I have a very short and simple question but this is very vital because it starts off my solution so I need to understand this puzzling concept (for me at least)! I have labelled that specific step with "WHY??".
QUESTION:
Suppose n balls are distributed at random into r boxes. Let $X_i$ = 1 if box i is empty and let $X_i$ = 0 otherwise.
Compute E[$X_i$].
SOLUTION:
Let $A_i$ be the event that box i is empty.
Then,
$X_i$ = $1_{A_i}$
Hence,
E[$X_i$] = E[$1_{Ai}$] = P[$A_i$] **WHY??
...
the further solutions are pretty straight forward
BUT this step...
I have no idea what E[$1_{Ai}$] means. Why is there a 1?
Thank you so much for your help! Greatly appreciated!
The expected value of a variable with only finitely many possible values $v \in V$ is, by definition, the sum $$\sum_{v \in V} vp(v)$$ hence, in your scenario, $$E(X_i) = (1)P(A_i) + (0)P(A_i') = P(A_i)$$ where $A_i'$ is the complement of $A_i$.
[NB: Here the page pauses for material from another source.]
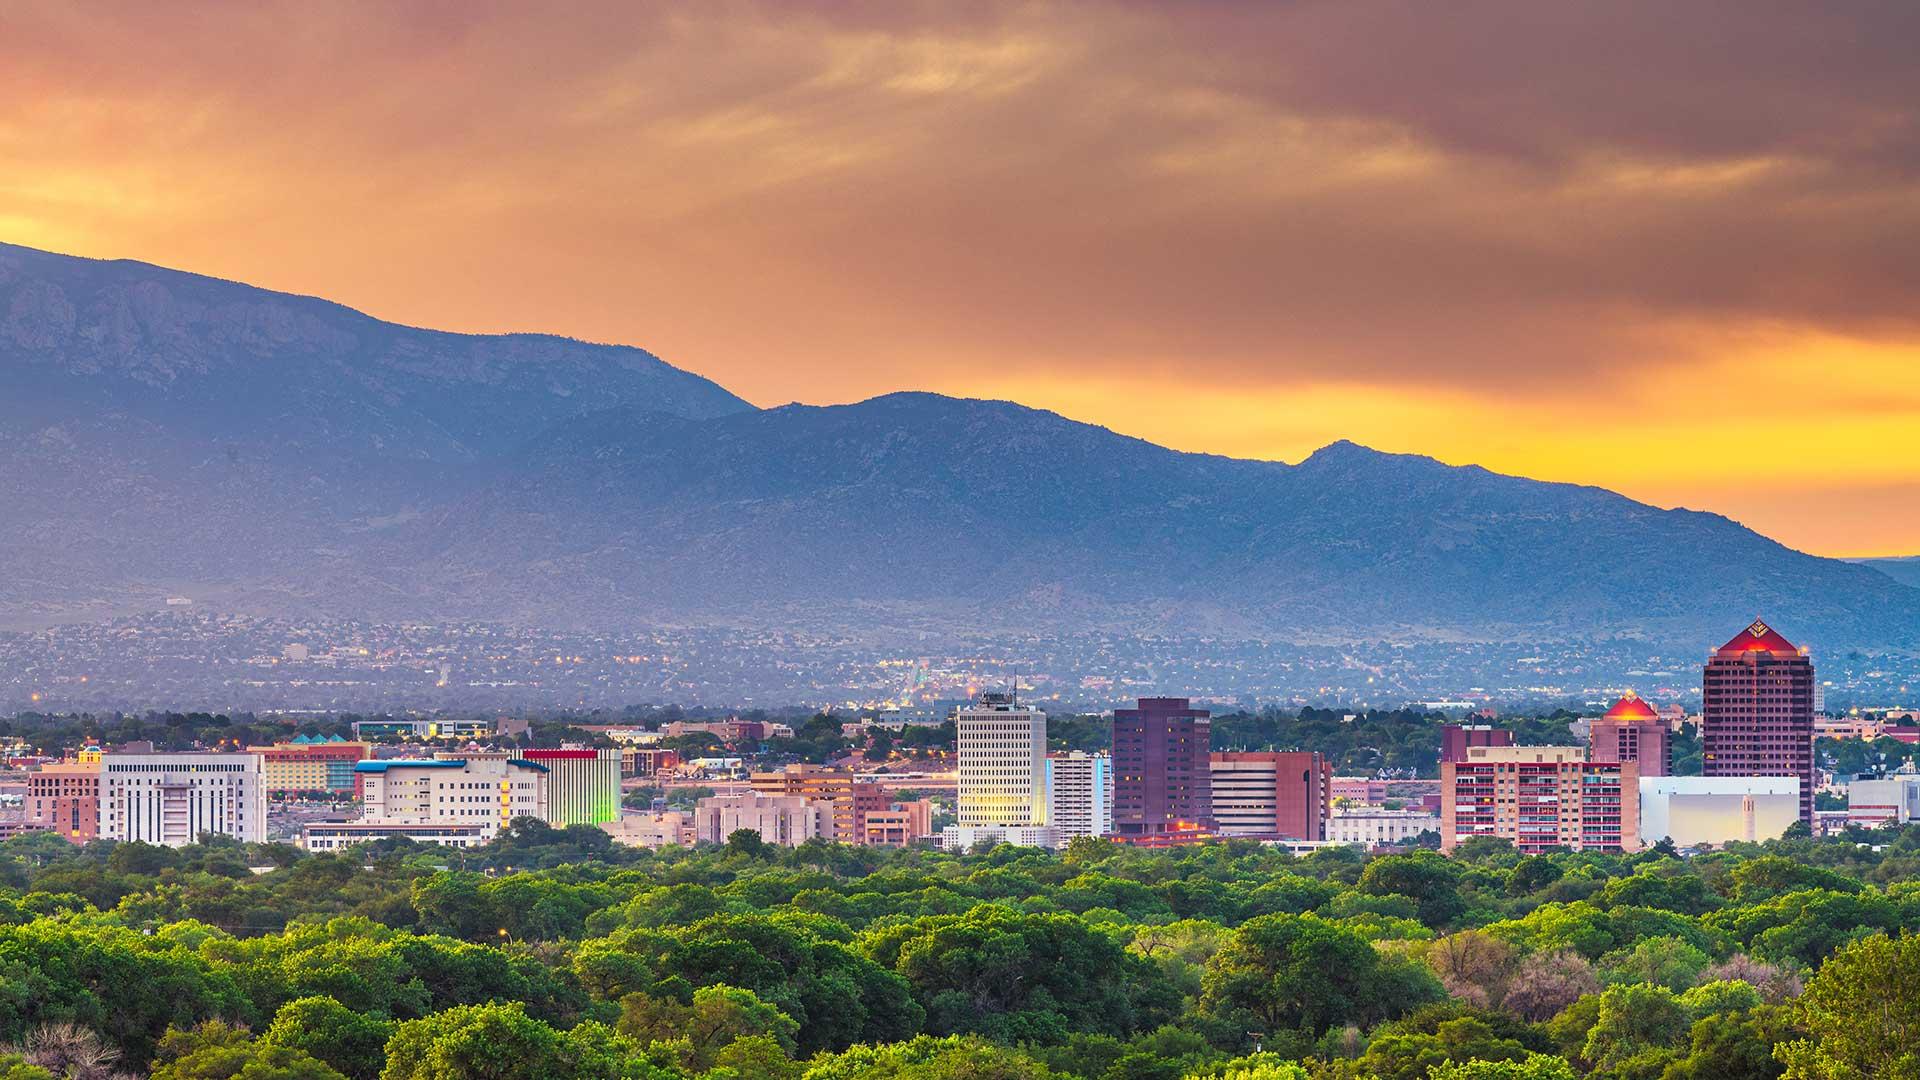 Panorama to illustrate dating in albuquerque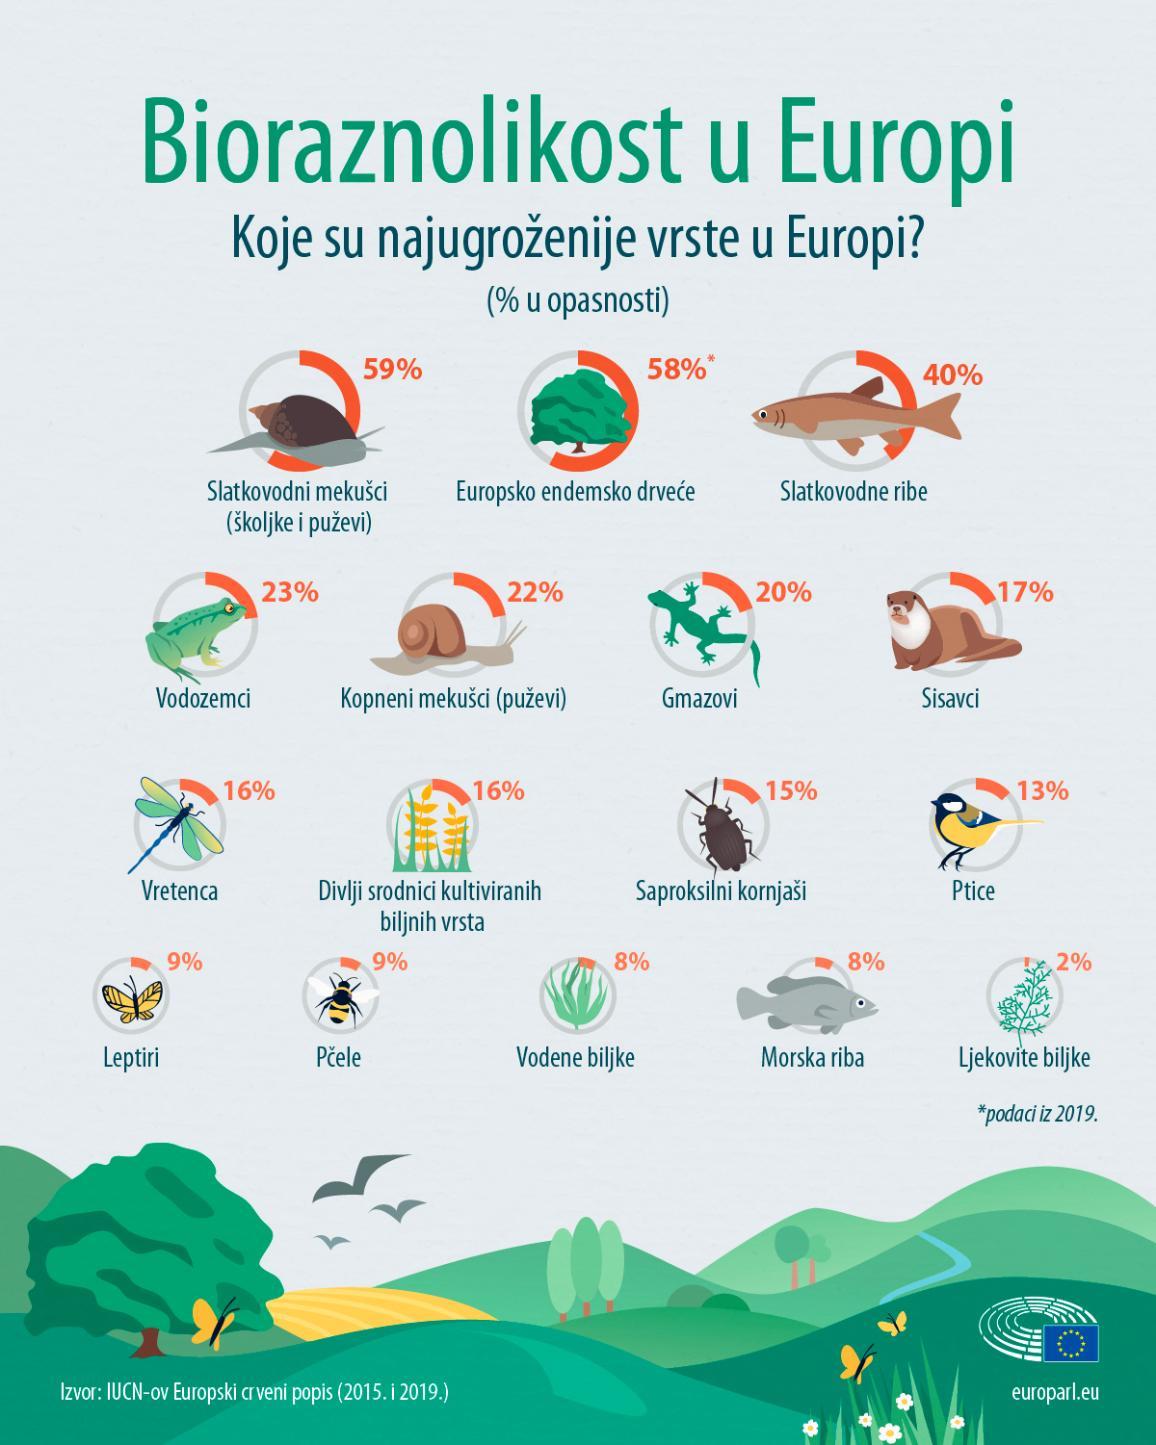 Infografika koja prikazuje najugroženije vrste u Europi

With regard to the notation $1_{A_i}$, it denotes the indicator function on the set $A_i$, which is the function which has value $1$ at points of $A_i$, and zero at all other points.
$\qquad$https://en.wikipedia.org/wiki/Indicator_function
It's so named since it indicates by its one-or-zero value at a given point whether or not the point is in the given set.